Nor are DeForest’s proofs of the Callimacheanism of her narrator altogether convincing or consistent. She depends on precise verbal reminiscences of Callimachus to make a number of her arguments, and yet she knows that the chronological underpinnings of this approach are shaky at best: her Argonautica emerges as the final work of high Alexandrian poetry, completed after 246 (and probably by some years)—something which I find, if not impossible, highly improbable. She rests arguments on the repetition of key-words of Callimachean aesthetics, notably dienekes—but admits that the word does not have one consistent meaning in Apollonius. Some arguments are simply wrong: when the Argo passes through the Symplegades, it is compared to a kulindros, “an ancient word for the container of book rolls…. Just as Athena’s hand pushes the boat, so the reader’s hand keeps the story going by unrolling the volume….” (79) And the argument goes on, becoming ever more remote from either sense or the text. And it might be pointed out that the only citation in LSJ for kulindros in the sense that DeForest wants is from Diogenes Laertius—scarcely evidence for Alexandrian usage. Add to this that DeForest’s book is filled with irrelevant digressions, repetitions, and errors, and it will be clear that the intelligent points that she does have to make about the narrator of the Argonautica, about Medea, about Jason’s cloak and Orpheus’ song, and about other specific passages are submerged in a welter of misdirection. The Argonautica is indeed an important part of the Alexandrian debate about the goals and nature of poetry in the new age, but it is too great a poem to be pigeonholed as no more than metapoetic allegory.

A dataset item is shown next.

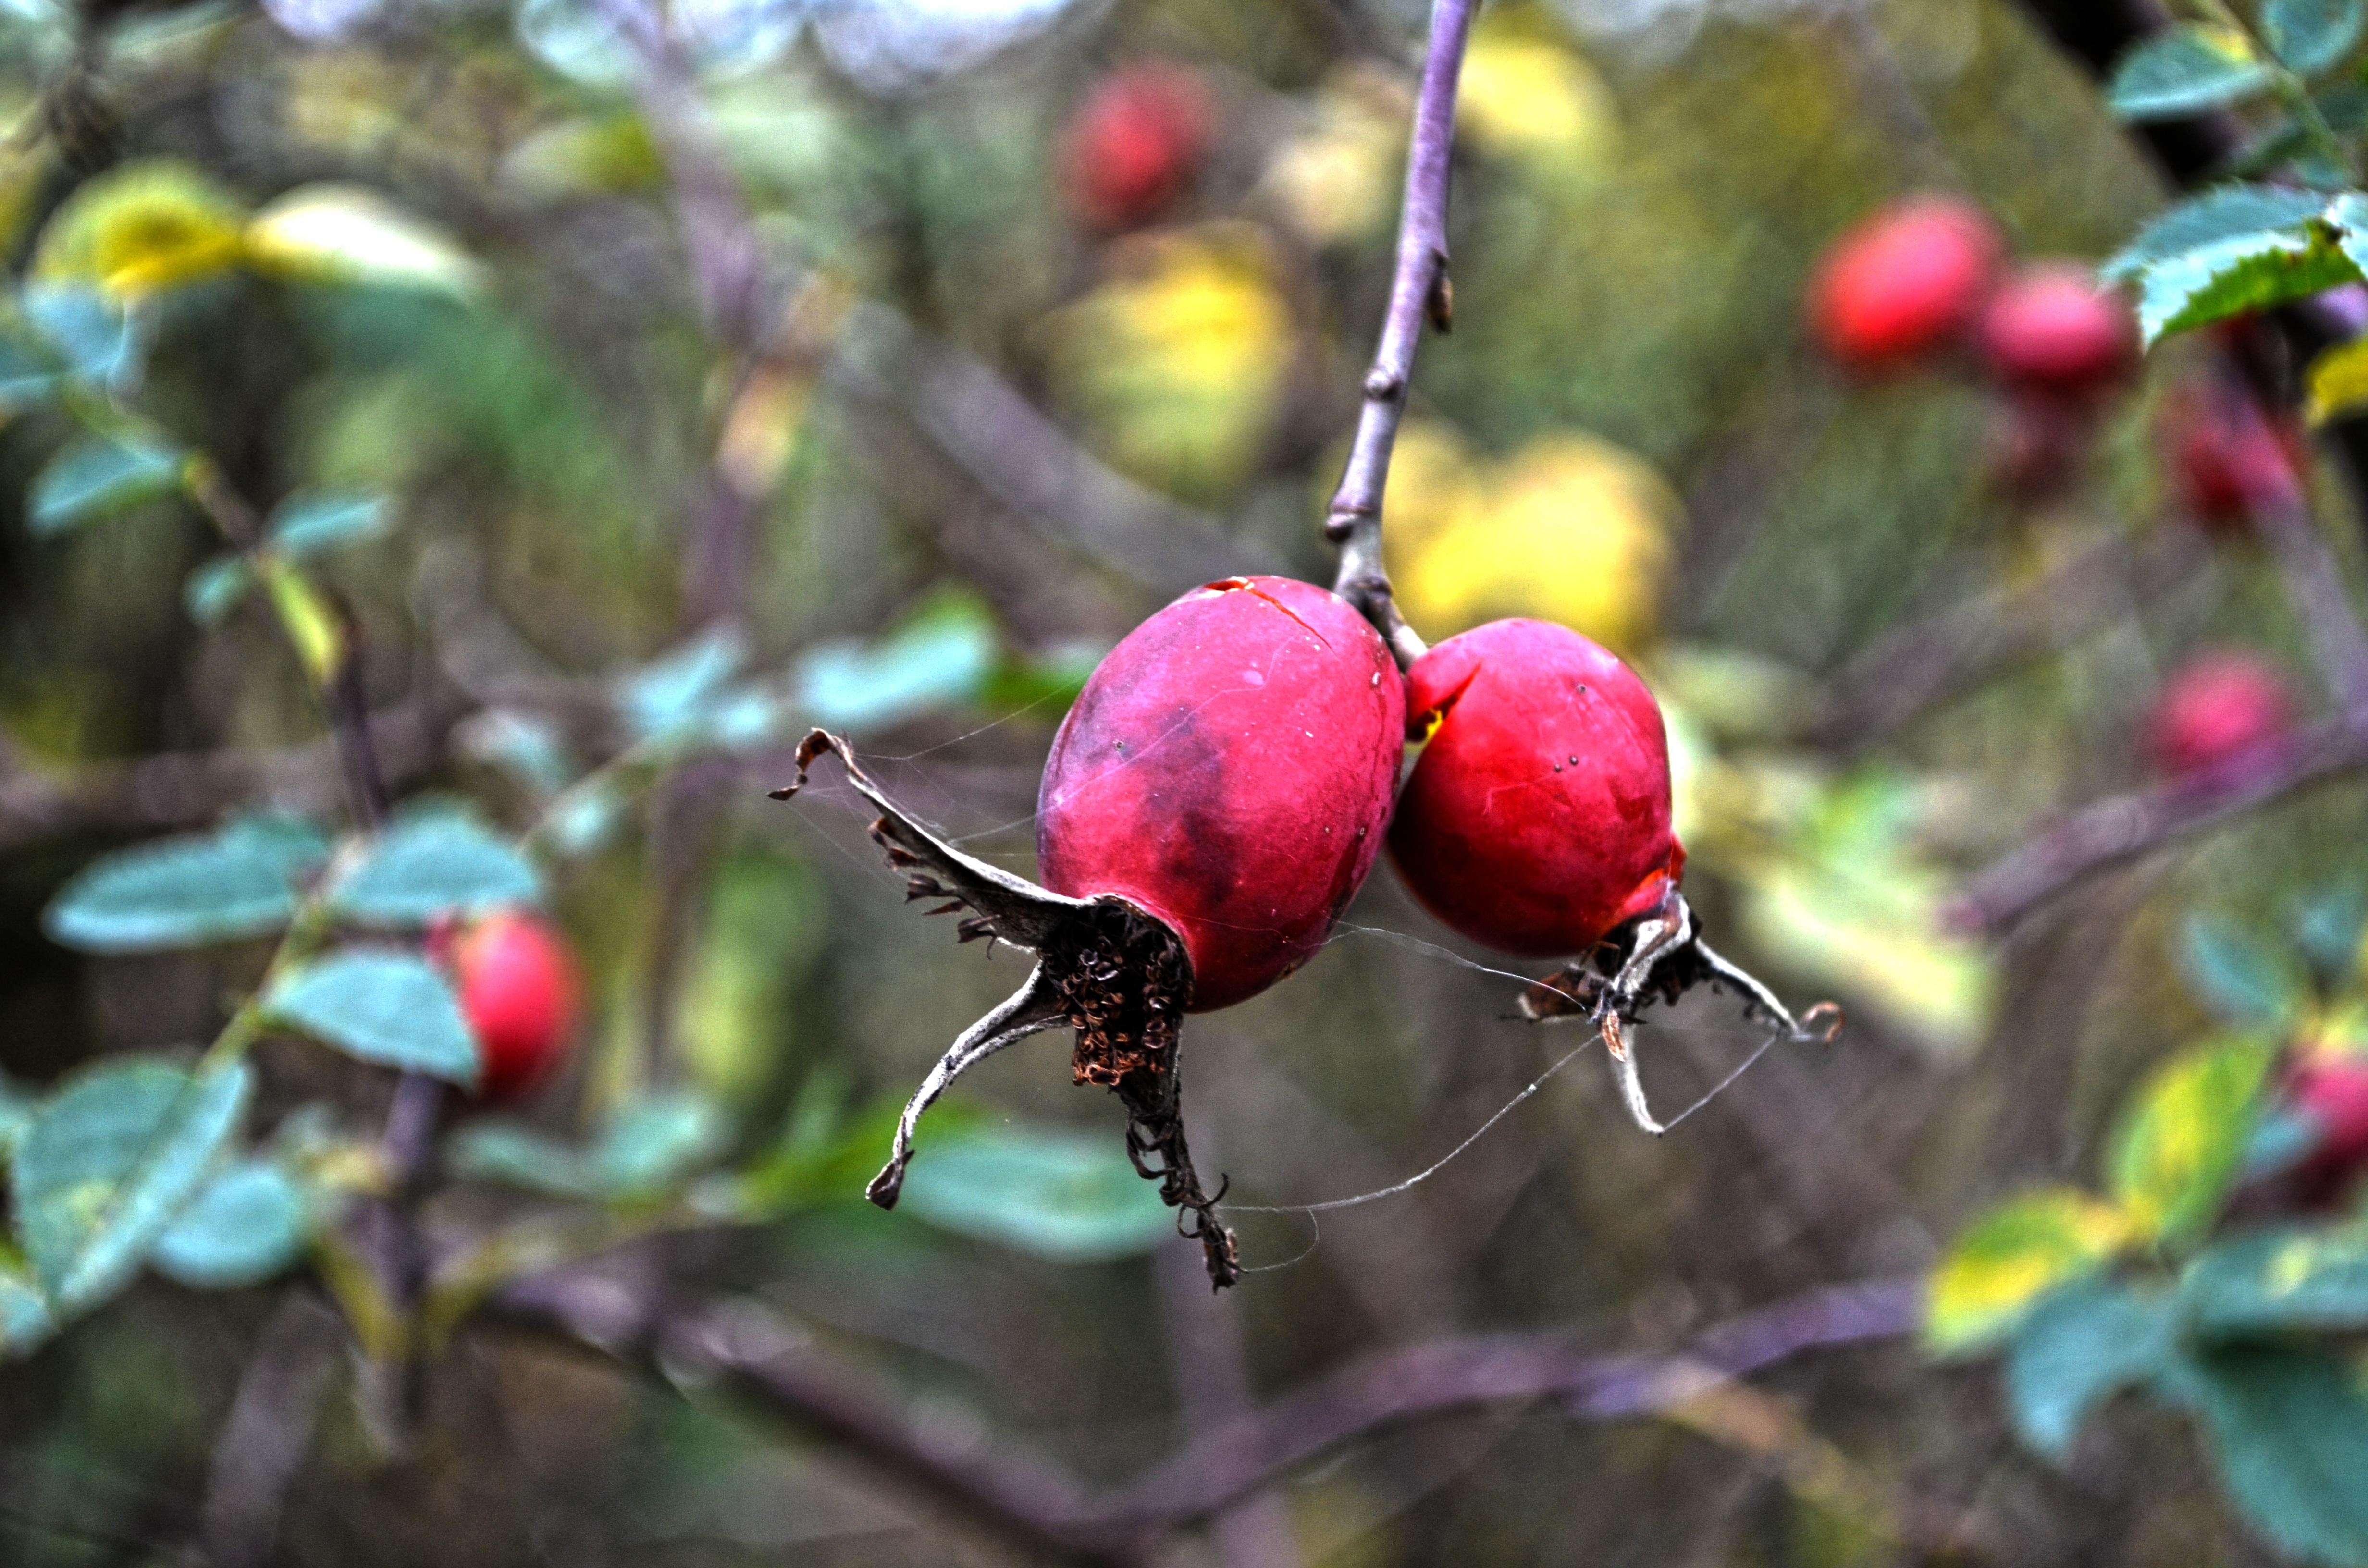 images gratuites arbre la nature branche fleur fruit feuille parking aliments rouge. Black Bedroom Furniture Sets. Home Design Ideas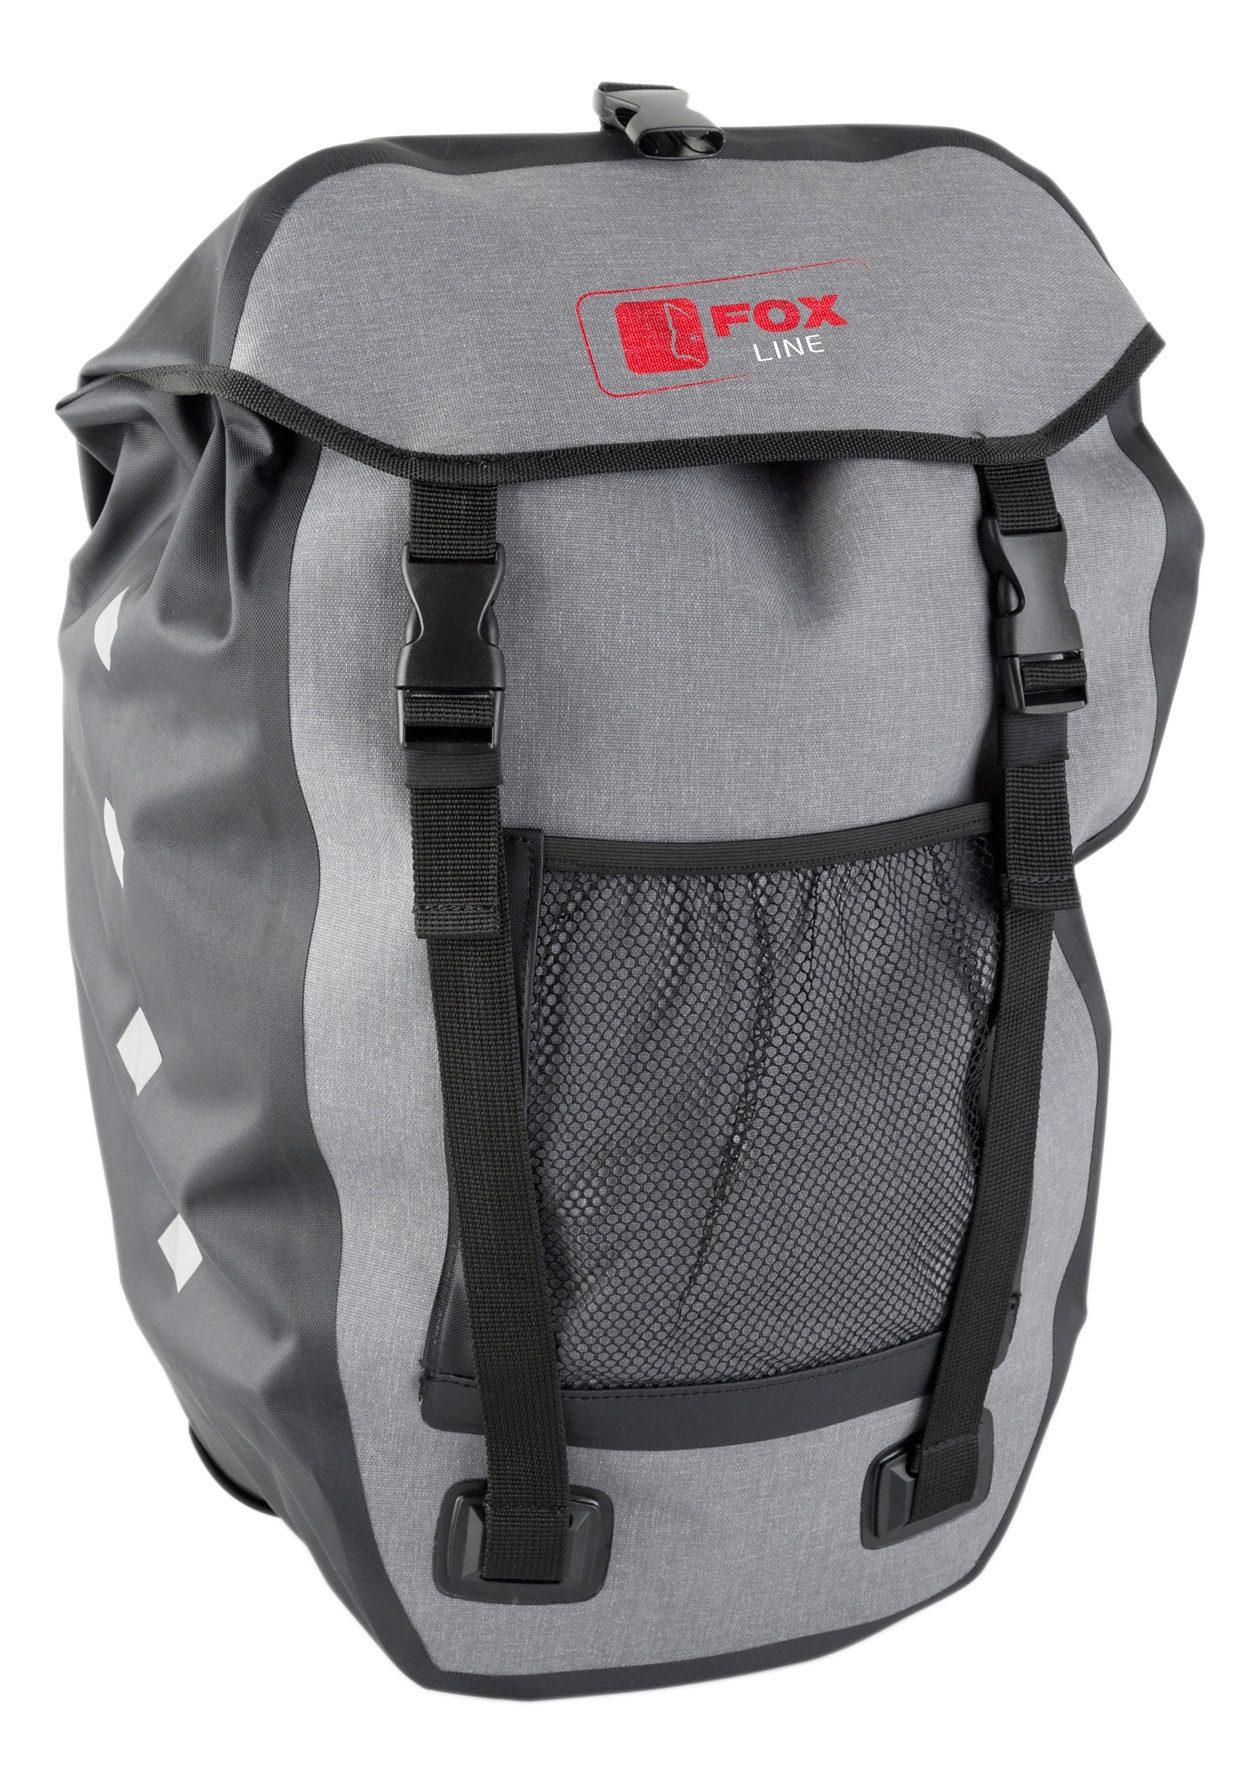 Fox Line Fahrradtasche für Gepäckträger, schwarz-grau

I ended by being uncertain too about the audience that DeForest wants to address: there is far too much simple (and often over-simple) explanation of background for anyone with any knowledge of Greek literature, but the argument is far too narrow for anyone but an aficionado of Alexandrian poetry. Ultimately, I wondered whether this book too has a narrator at odds with its author and subject.